There is interest nation wide for more rail passenger service. The best returns on an investment with rail service comes improving what we already have. We have towns all across America which want rail passenger service or expanded service to what they already have.To do this on a national level will require funding to allow passenger trains to operate faster and allow smooth operation of mixed freight and passenger service. Expanding rail passenger service national wide will mean not everyone will get what they want. The NEC has a speed limit now of 160 mile per hour. It will be very expensive to realign many of these curves on the densely populated NEC to allow speeds faster than 160 miles per hour. What is long overdue and more productive is to turn the Northeast Corridor into a larger rail passenger network with major cities on the corridors becoming rail hubs. Networks are the norm around much of the world for rail passenger service. What we need to build is a system of regional rail networks to connect with a larger national rail network to serve the most markets and people as possible. What we have now on the NEC is a corridor with few connections at best to the surrounding area like Long Island, Upstate New York, Virginia, western Pennsylvania, Ohio, Toronto or Montreal.

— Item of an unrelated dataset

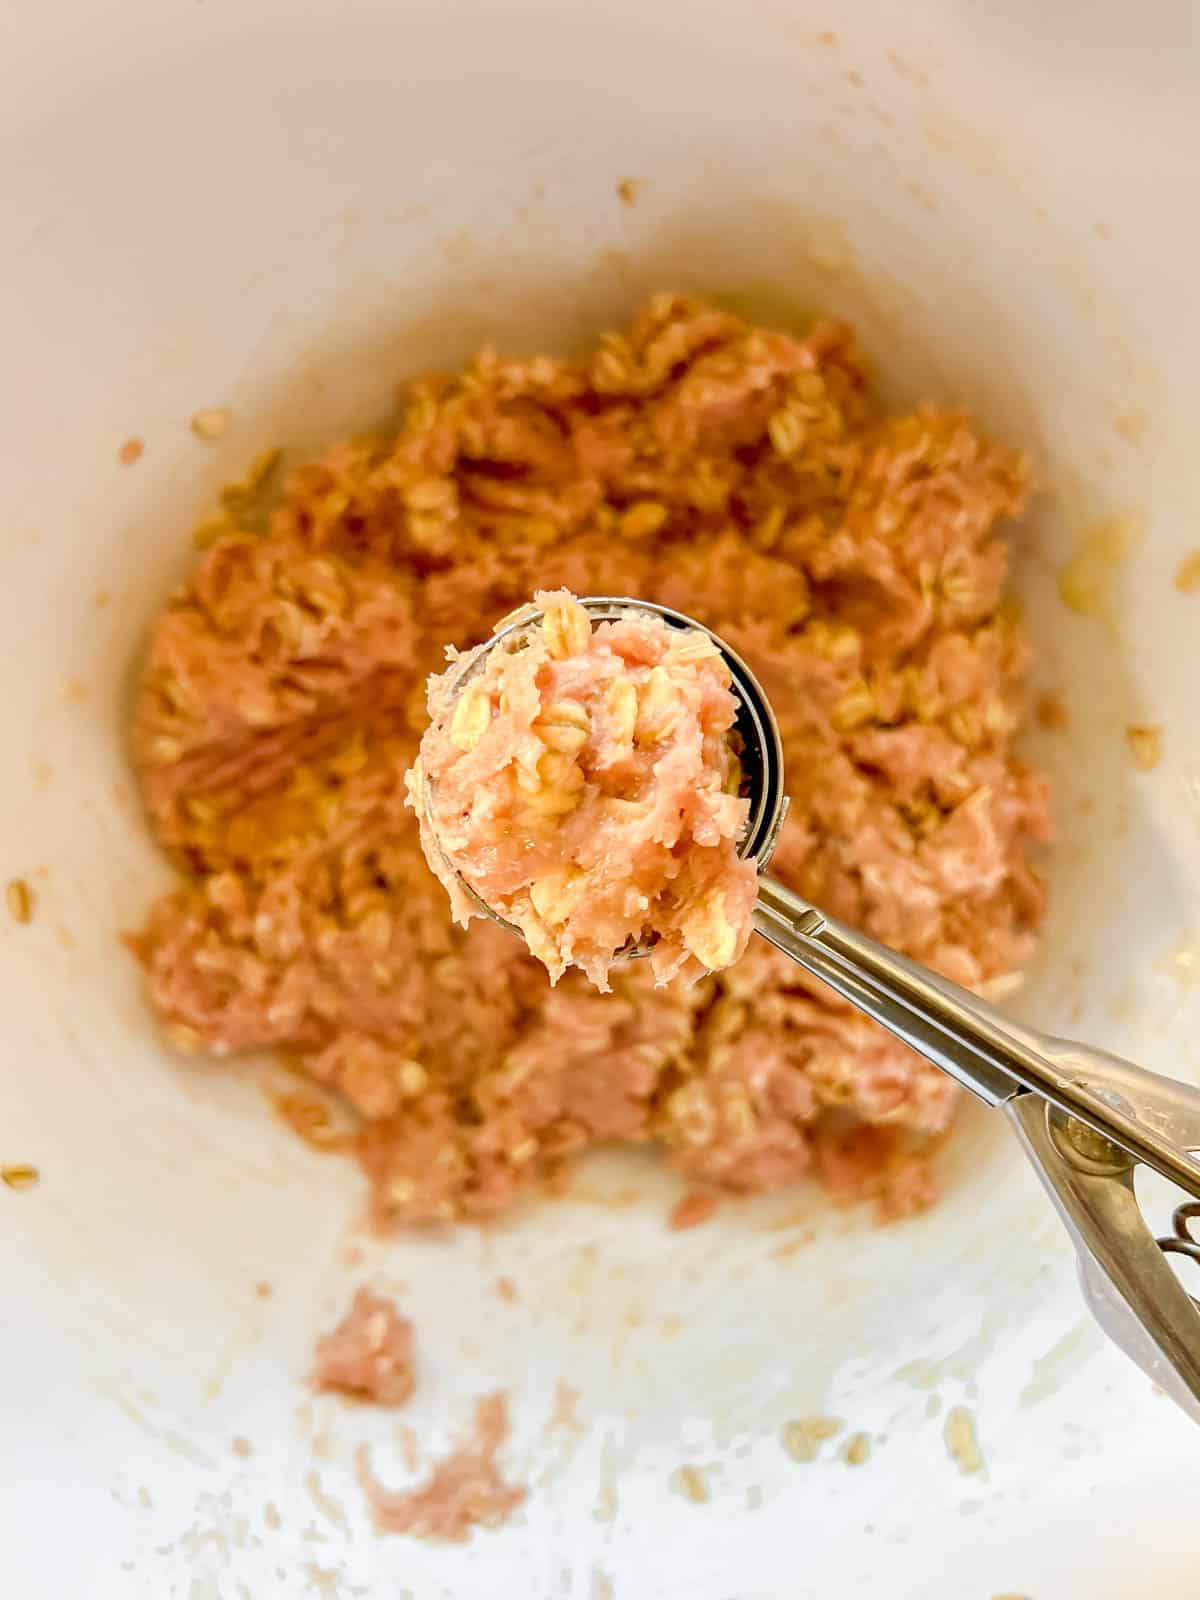 Scooping the mixture into meatballs.

From California’s experience with rail passenger service there is much to learn both good and bad, particularly for the efforts for High Speed Rail. Much of the early planning for California’s High Speed Rail was unrealistic and unaffordable. Also missing were good connections to existing rail service to serve more of the State by rail. Increasingly the California High Speed Rail Authority is saving money by using existing rights of way for High Speed Rail service, especially in urban areas. Time savings trying to go faster than 125 miles per hour are small in the short segments in urban areas. But the cost savings of using existing rights of way are significant. Money is also saved by sharing stations and tracks with other rail passenger services in urban areas. This also makes passenger transfers easier between High Speed and other rail services. This also allows the High Speed Rail Authority to spend money to help upgrade services such as electrifying Caltrain between San Jose and San Francisco as well as upgrade and add tracks in Southern California between Fullerton and Burbank. Not only does this improve rail service in general, but in is much cheaper than building separate railroads alongside the existing tracks.
The goal of a Federal Policy for National Rail Passenger service should be to largely fund infrastructure improvements which will allow faster rail passenger service, increase track capacity and reduce rail congestion for both passenger and freight trains. These should include projects that will help reduce the operating subsidy needs for intercity trains and promote services to operate at break even or at an operating profit. Any needed subsidies should be a local issue. Central to doing this is a need for interlocking systems of services creating a rail passenger network. This will provide service to more places nation wide and increase revenues and serve more people. The emphasis except in a few corridors of this network shouldn’t be to compete with air travel. But nationally rail service should be competitive with highway travel which will reduce congestion on the highways, reduce emissions and save energy.